▸ Work item: Every line of the listing below from the one with "D2-60 D2-75 Serie" up to and including the one with "Самсунг выпустила мобильноеПО" should be retyped exactly, and nothing else; pictures are not part of the copy.

Available records START

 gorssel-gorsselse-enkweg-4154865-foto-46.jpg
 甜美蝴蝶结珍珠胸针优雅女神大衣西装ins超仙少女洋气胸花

Available records END
Available records START

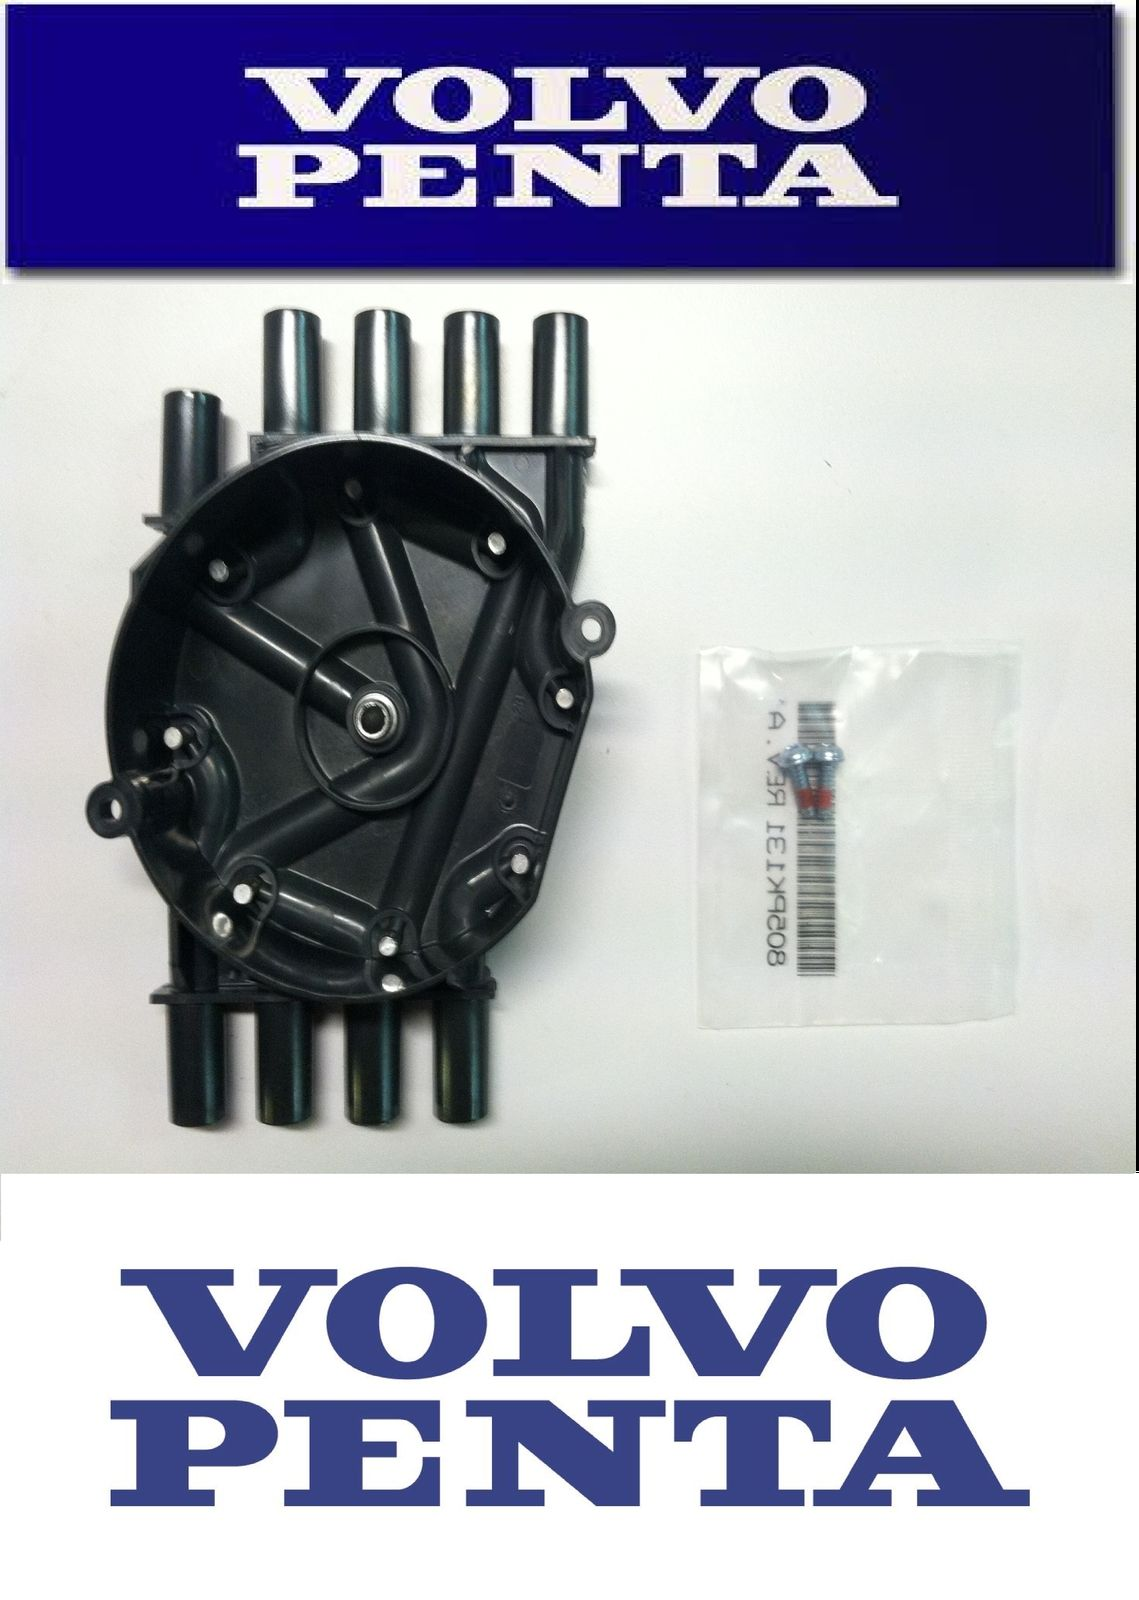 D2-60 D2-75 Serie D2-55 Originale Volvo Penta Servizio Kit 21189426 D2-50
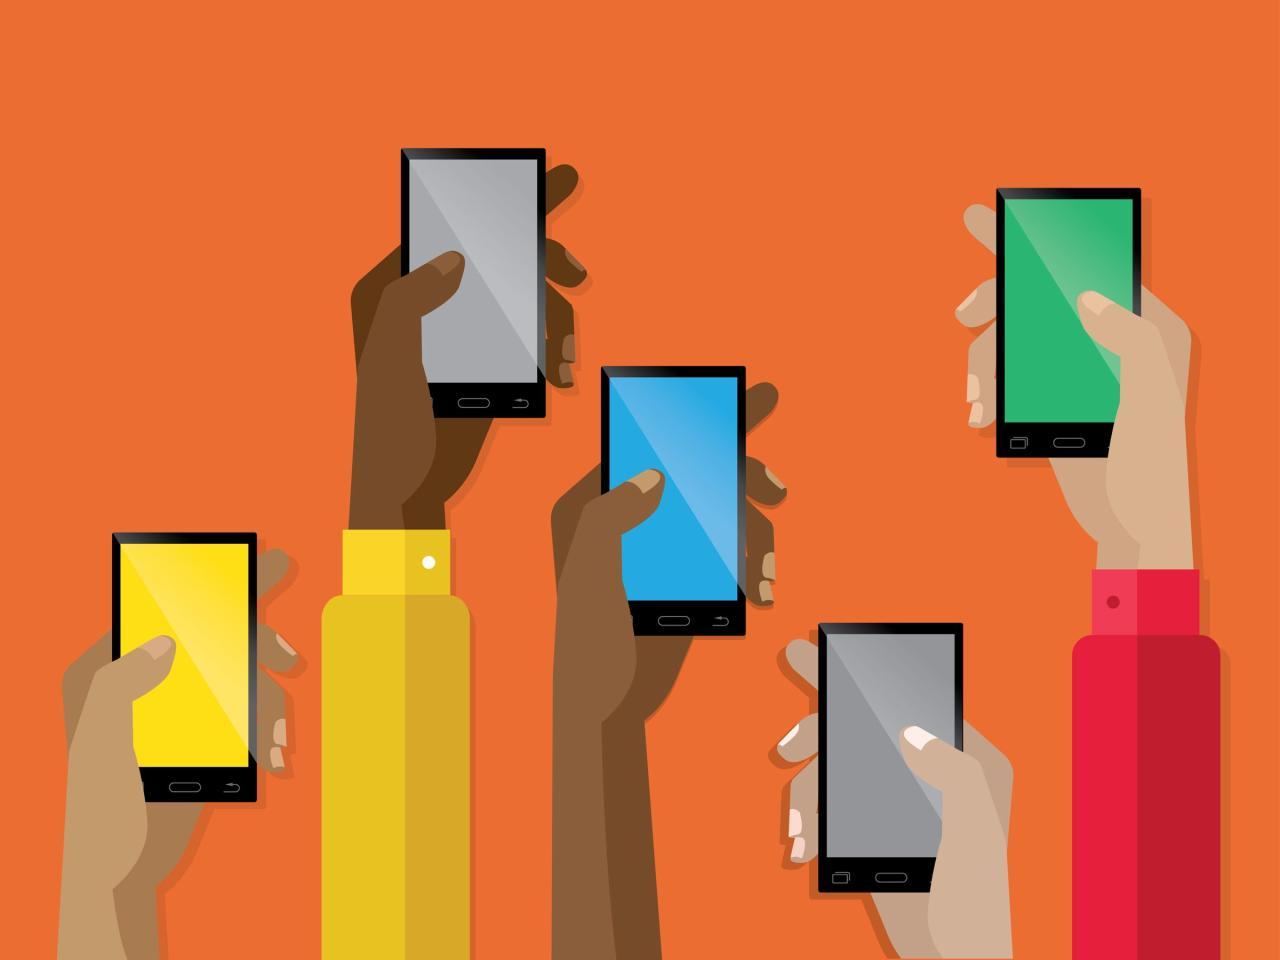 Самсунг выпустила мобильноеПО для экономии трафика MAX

Available records END

▸ Result for this exercise:
 D2-60 D2-75 Serie D2-55 Originale Volvo Penta Servizio Kit 21189426 D2-50
 Самсунг выпустила мобильноеПО для экономии трафика MAX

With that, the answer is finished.